Using array_agg in Postgres – powerful and flexible

2013-04-17 [Last modified: 2024-10-21]

/2013/04/17/Using-array_agg-in-Postgres-powerful-and-flexible/ map[name:Craig Kerstiens]

Postgres

In almost any application it’s common to want to aggregate some set of values together, commonly in a comma separated form. Most developers do this by running a query to get much of the raw data, looping over the data and pushing it into a set, appending each new value to the appropriate key. Hopefully, it’s not a surprise that there’s a much better way to do this with PostgreSQL.

Postgres has a flexible and robust array datatype that comes with a variety of functions. Even without taking advantage of the array datatype in your application, you can still take advantage of some of the functions to get the functionality you need. Lets take a look at an example schema and use case.

An example

Given a project management application, you may have users who have projects that have tasks. An example piece of functionality might be to send an email with a list of all projects that have tasks that are past their due dates of completion. Your schema might look something like this:

 # \d users
             Table "public.users"
    Column   |            Type             | Modifiers
 ------------+-----------------------------+-----------
  id         | integer                     | not null
  email      | character varying(255)      |
  ...

# \d projects
             Table "public.projects"
    Column   |            Type             | Modifiers
 ------------+-----------------------------+-----------
  id         | integer                     | not null
  user_id    | integer                     | not null
  name       | character varying(255)      | not null
  ...

# \d tasks
             Table "public.tasks"
    Column     |            Type             | Modifiers
 --------------+-----------------------------+-----------
  id           | integer                     | not null
  project_id   | integer                     | not null
  completed_at | timestamp without time zone | 
  due_at       | timestamp without time zone | 
  ...

To get a list of all projects that have tasks that haven’t been completed, you would start with something like:

SELECT 
  projects.name
FROM
  projects,
  tasks
WHERE projects.id = tasks.project_id
  AND tasks.due_at > tasks.completed_at
  AND tasks.due_at > now()

This would give you a list of projects which you could then easily join this with users:

SELECT 
  users.email
  projects.name
FROM
  projects,
  tasks,
  users
WHERE projects.id = tasks.project_id
  AND tasks.due_at > tasks.completed_at
  AND tasks.due_at > now()
  AND users.id = projects.user_id

At this point you’ve got everything you need to pull this up into Ruby, Python, or other language of your choice and then build the full set. However if this is thousands or even hundreds of results you’ll be spending more time than necessary, grouping this data for a sensible email. With 3 other small changes you can have this already formatted for you to immediately send of in an email. The first is using a handy function called array_agg which will aggregate items and then you can format them how you wish. The second is just ensuring you’re grouping correctly. Finally you’ll want to unnest the array so it formats the data in a clean way for you.
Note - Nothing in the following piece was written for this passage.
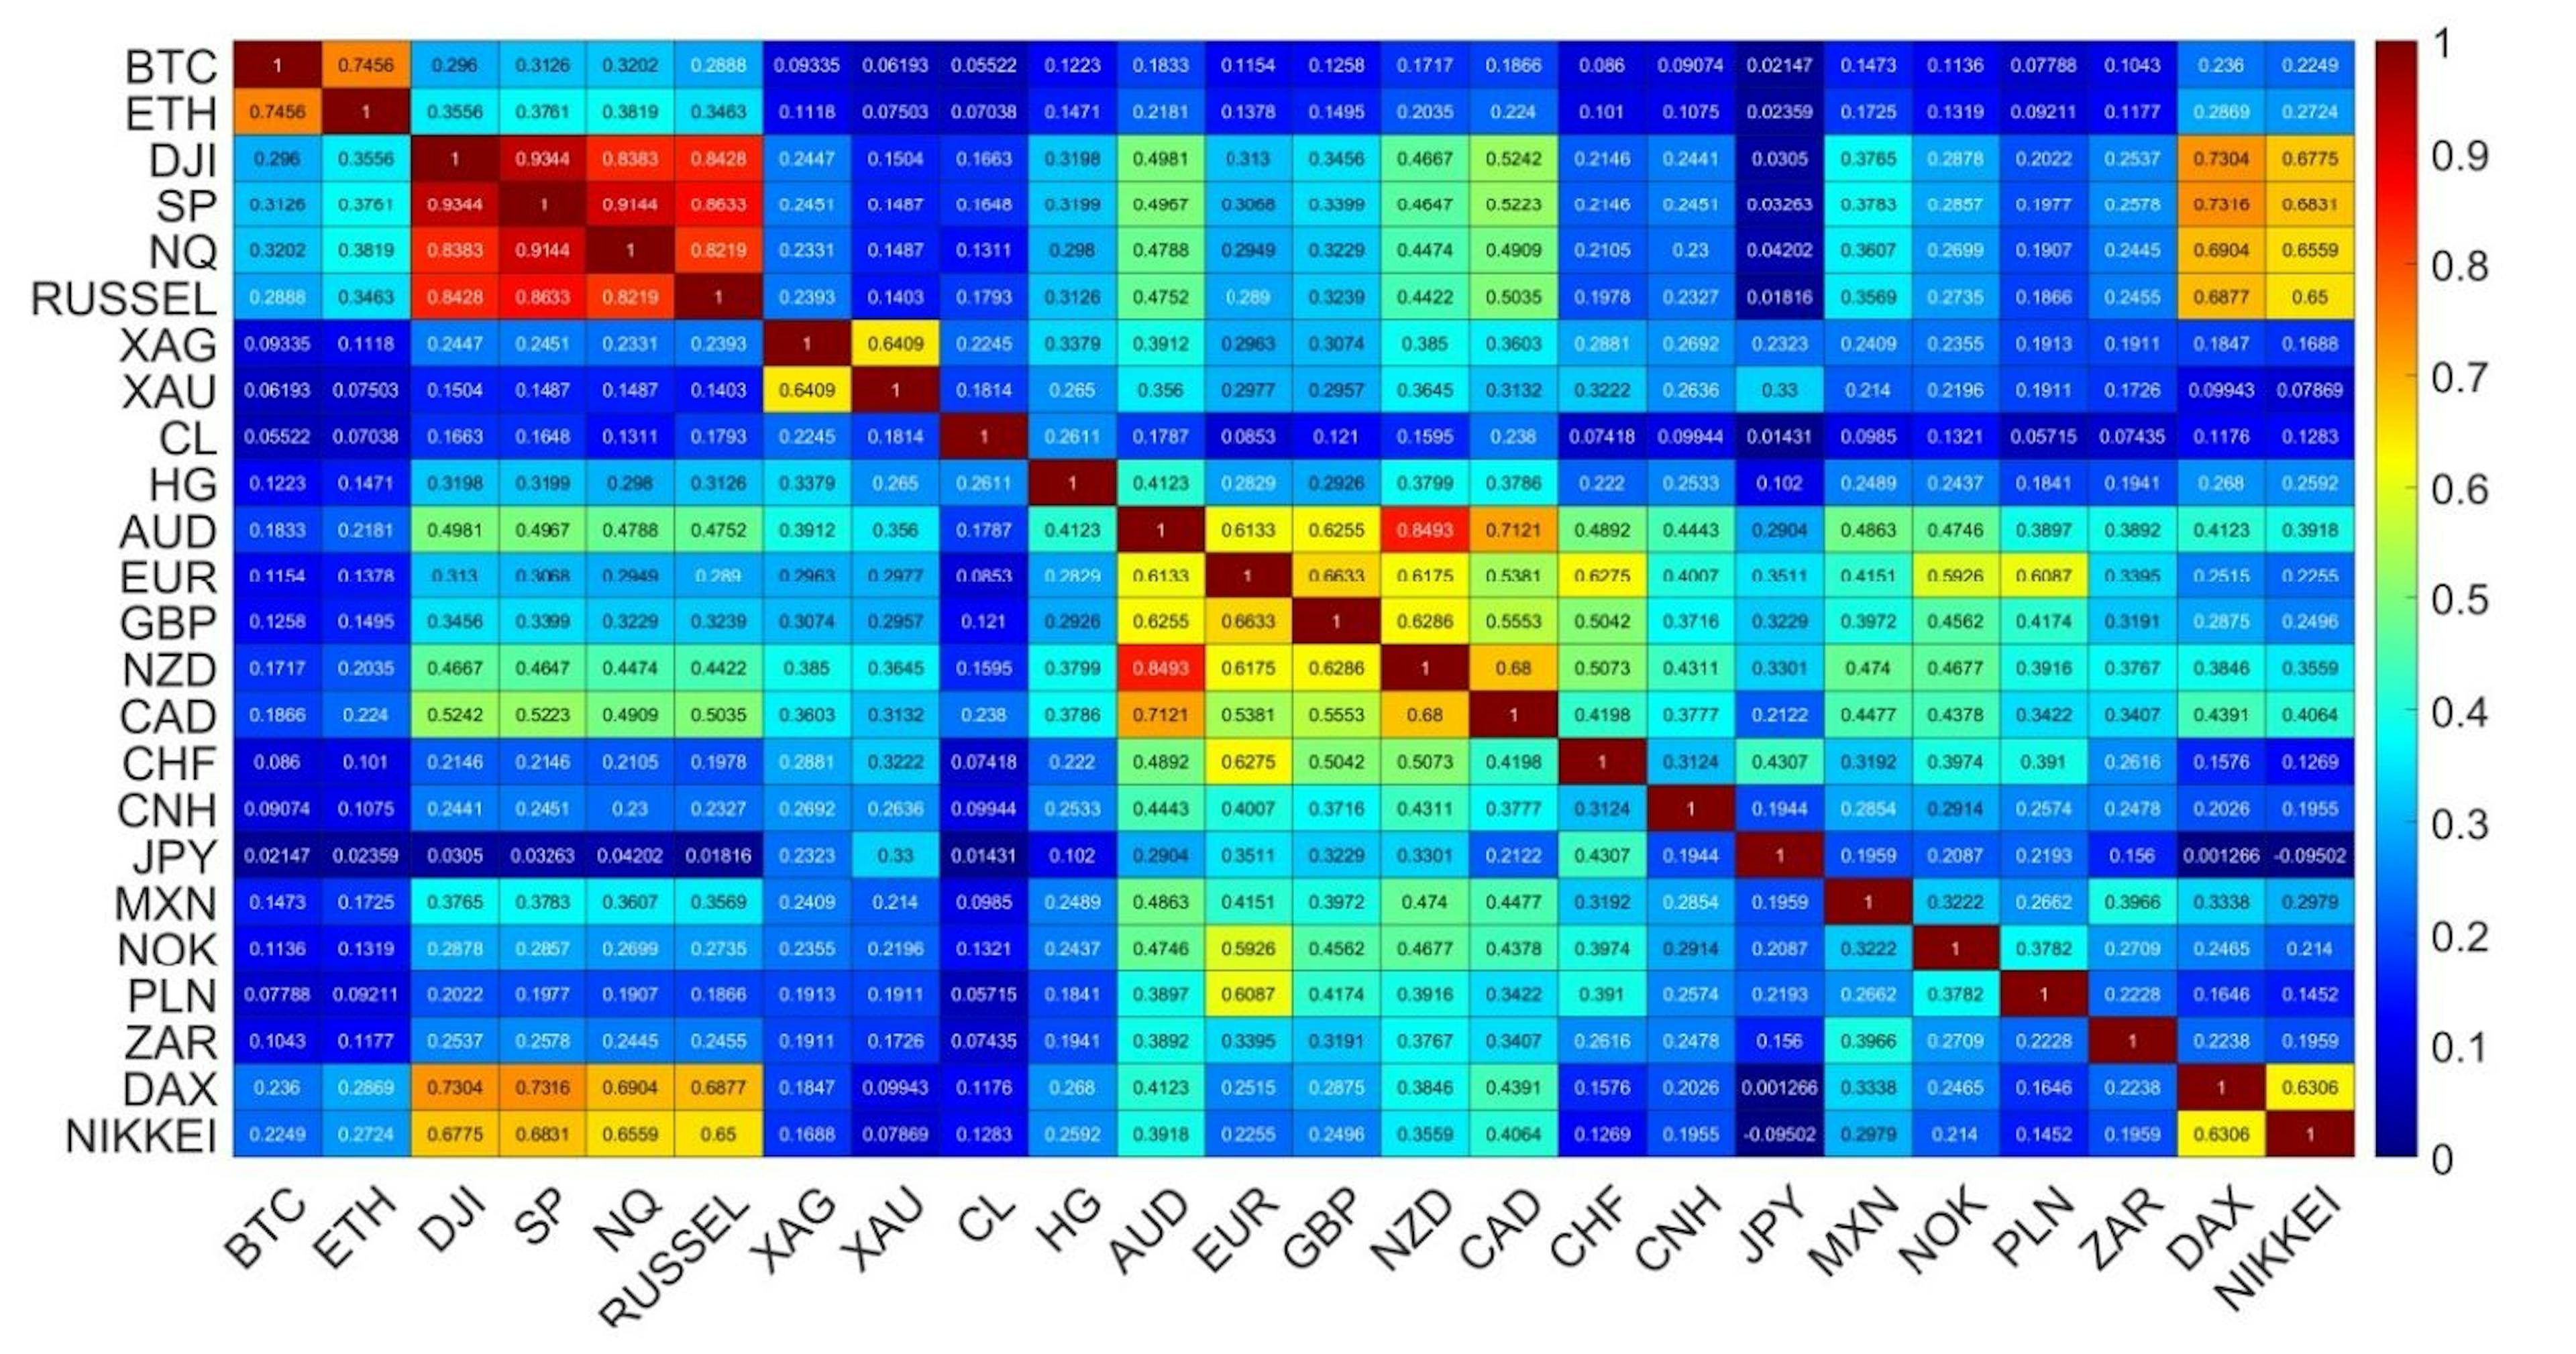 Figure 2. Correlation matrix of Pearson coefficients calculated for all possible pairs of the time series considered in this study (January to October 2022). All the values are statistically significant with p-value < 0.00001, except DAX vs. JPY, where p = 0.1.

Looking at it all put together:

SELECT 
  users.email,
  array_to_string(array_agg(projects.name), ',')) as projects
FROM
  projects,
  tasks,
  users
WHERE projects.id = tasks.project_id
  AND tasks.due_at > tasks.completed_at
  AND tasks.due_at > now()
  AND users.id = projects.user_id
GROUP BY 
  users.email

This would give you a nice clean result of projects that have overdue tasks that you could then send to the user in an email:

           email            |     projects       
 ---------------------------+-------------------
 craig.kerstiens@gmail.com  | blog, timetracker      
 craig@heroku.com           | foo, bar, baz